A M6.7 (6.8 according to the USGS) earthquake hit the north shore of Japan today. I've heard of at least 6 fatalities, and that the quake caused a fire at a nuclear power plant. My Japanese is a little rusty (I learned it all from reading menus), but some of the video here is interesting. In particular, I am always looking for how people react in the videos. Most of the time people look confused and rarely do they do what they are supposed to do. Never having been in a large earthquake, I am in no position to criticize, but maybe it says something about our earthquakle preparedness?
UPDATE 11:14 PM my time - Reports are now that a very small amount of contaminated water leaked out of the reactor and into the Sea of Japan. In addition, another M6.8 quake hit the same region, farther out at sea and fairly deep (316 km according to the USGS, compared to the earlier one at 55km,) so we'll see if it does much damage.
4 comments:
In particular, I am always looking for how people react in the videos. Most of the time people look confused and rarely do they do what they are supposed to do. Never having been in a large earthquake, I am in no position to criticize, but maybe it says something about our earthquakle preparedness?
Heh. I was in the 1989 Loma Prieta earthquake, after having been in California for a grand total of three weeks... for graduate school in geology. Because I had ended up in charge of distributing the earthquake preparedness advice to my on-campus house, I ran to the door* of my room. And then I spent the entire quake sitting wedged into the door, yelling "Is this an earthquake? Is this an earthquake?"
So. Prepared? Not mentally, that's for sure, despite knowing darn well that I had chosen to go to grad school next to a plate boundary.
I've gotten a lot of mileage out of that experience when teaching intro classes, though.
* The USGS no longer advises going to a door. I think the guys in Menlo Park watched the doors swinging, and realized that maybe the doorways weren't such a good place, after all.
In my time in grad school in the bay area I only experience 1 moderate sized quake, and the whole time I kept thinking it was probably just CalTrain passing by my apartment. One of the more amazing reactions I ever saw on camera was this one from UC Santa Cruz, during the loma prieta quake. You can see a student in the front row dive under a desk with the first shake, the reaction time is just absurd. I think I'd probably be more like the dude in the back who just stands up and watches the lights fall down.
What I am even more embarrassed about though is how pathetic my "emergency kit" was at home. Something that I could have totally prepared for, having water, food, batteries, etc. all packed up in a safe place. I rarely had anything that would have helped much, and the one time I did made a kit I dipped into it one summer when my paycheck got seriously delayed, and never bothered replenishing the canned soup.

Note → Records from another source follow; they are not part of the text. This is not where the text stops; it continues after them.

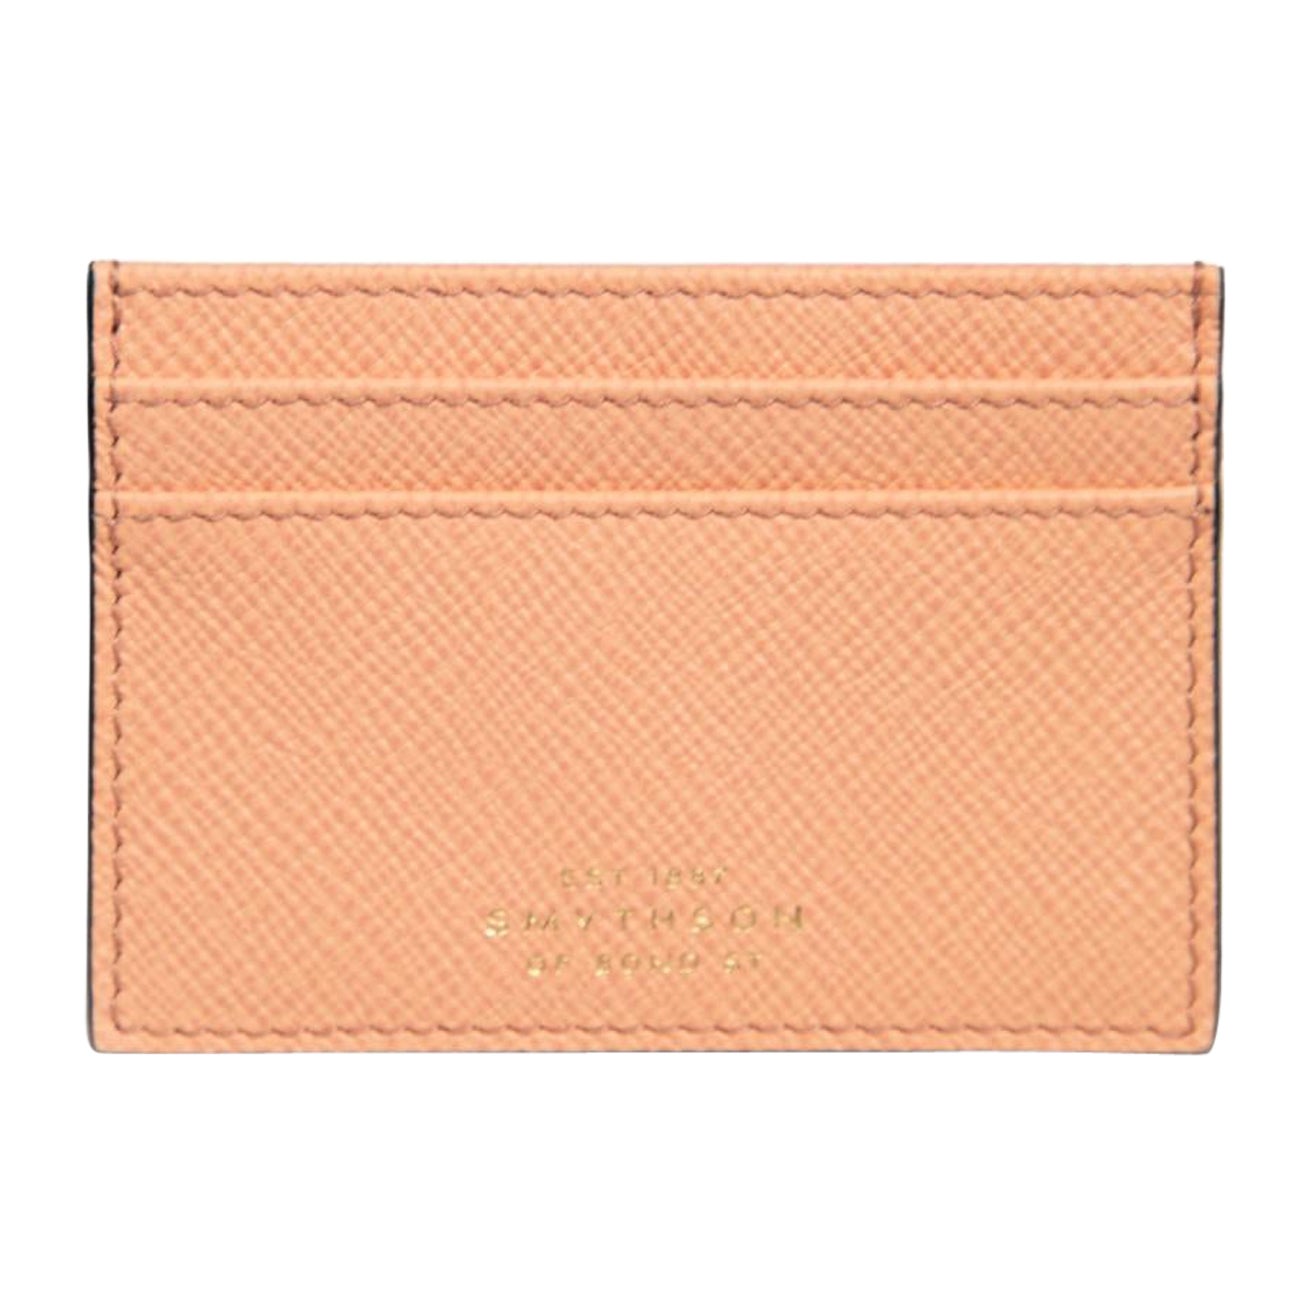 Smythson Salmon Pink Leather Cardholder For Sale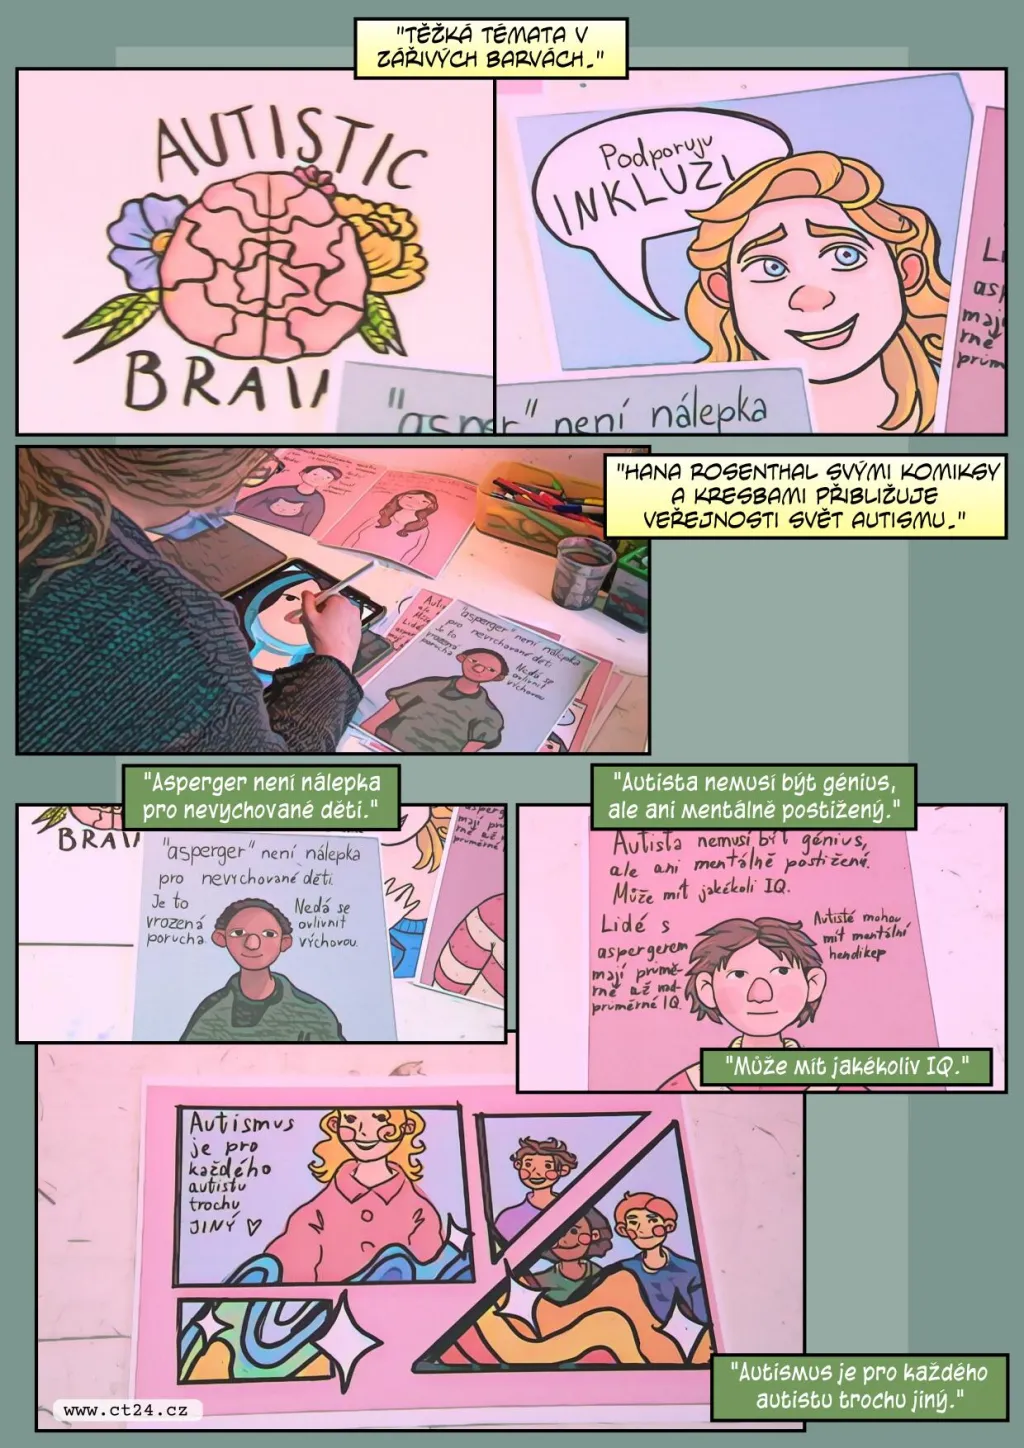 Mladá kreslířka se pomocí komiksu snaží vyvracet předsudky o autismu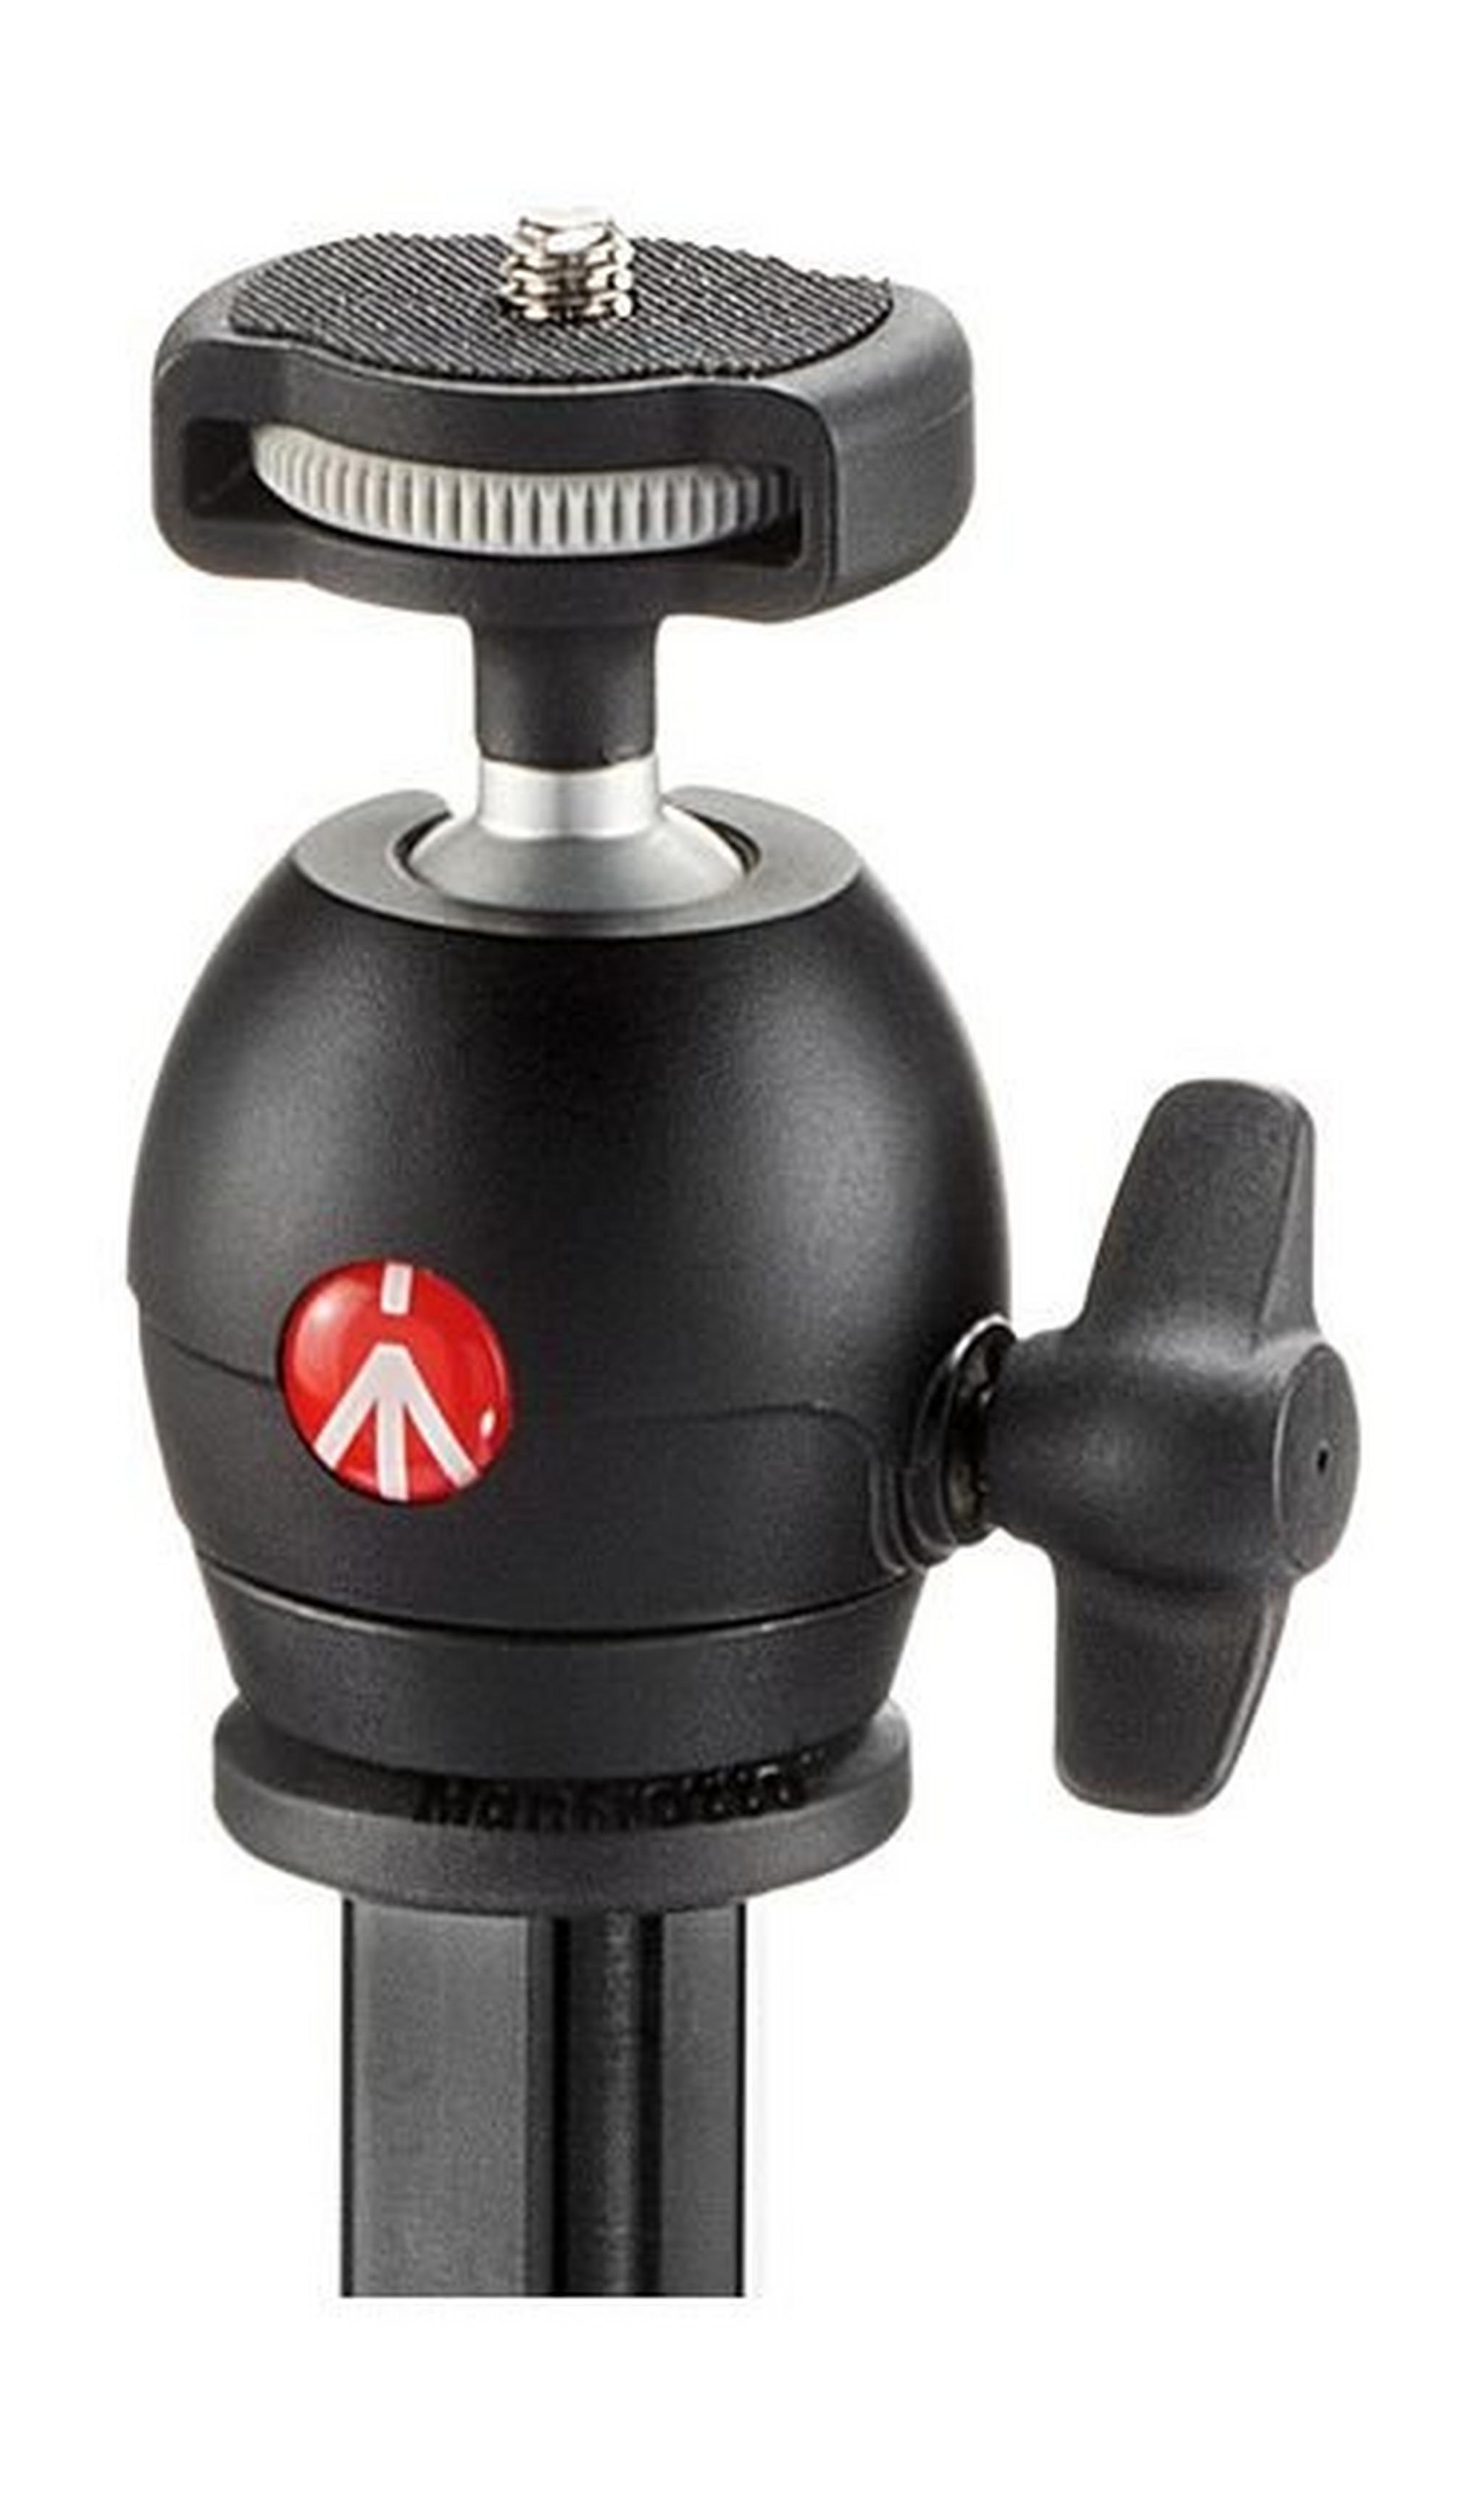 حامل كاميرا ثلاثي مع رأس كروي مدمج وخفيف الوزن من مانفروتو – ارتفاع ١٣١ سم – أسود (MKCOMPACTLT-BK)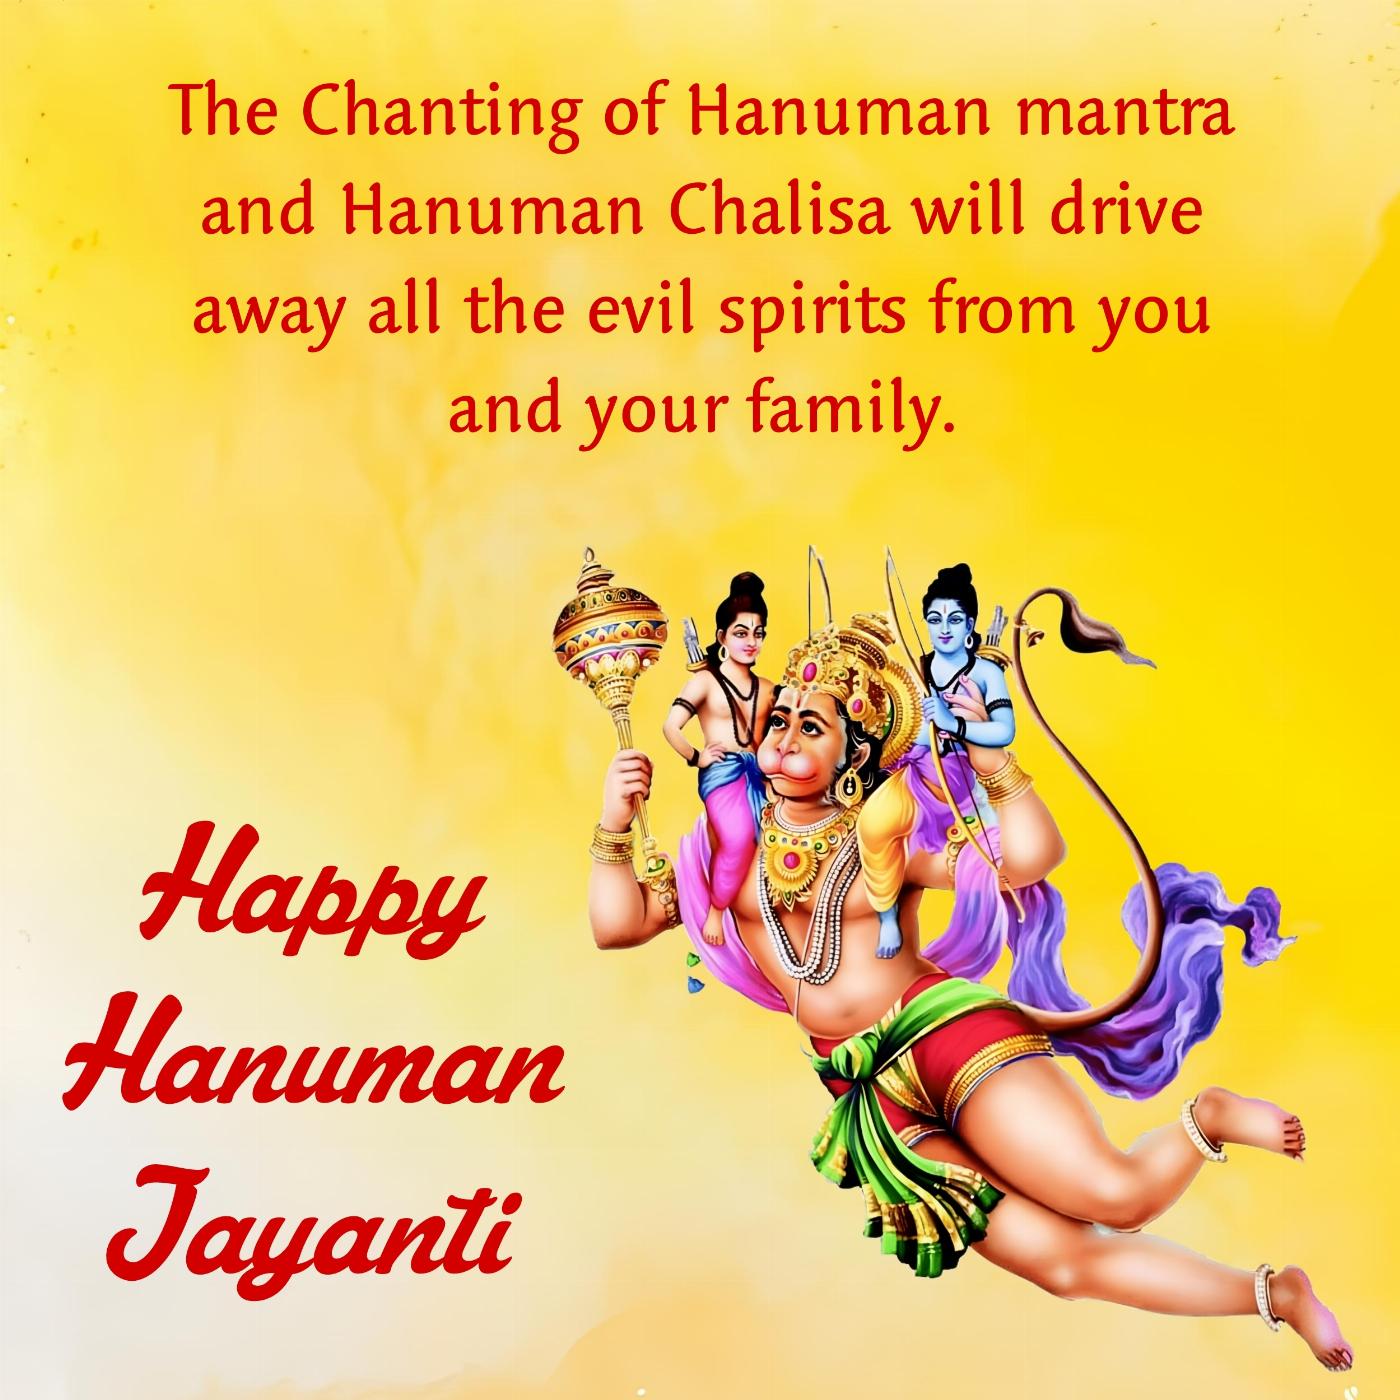 The Chanting of Hanuman mantra and Hanuman Chalisa

if not a doorway, where the hell is the USGS recommending you go in the event of an earthquake? helicopter? nebraska? this is pertinent to my well-being, as i live in the "city that waits to die." yet i still don't have an emergency kit, just two giant empty water bottles gathering dust in my closet. might have some canned baked beans in the cupboard, not sure though.
I believe the USGS recommends a bike helmet, rec-specs, and nose plugs. Other helpful outfits include those sumo wrestling suits they have at bars, and/or filling your apartment with bouncy balls.
And seriously dude, get the emergency kit, at least you can have stuff to sell at a huge mark up when the big one does hit.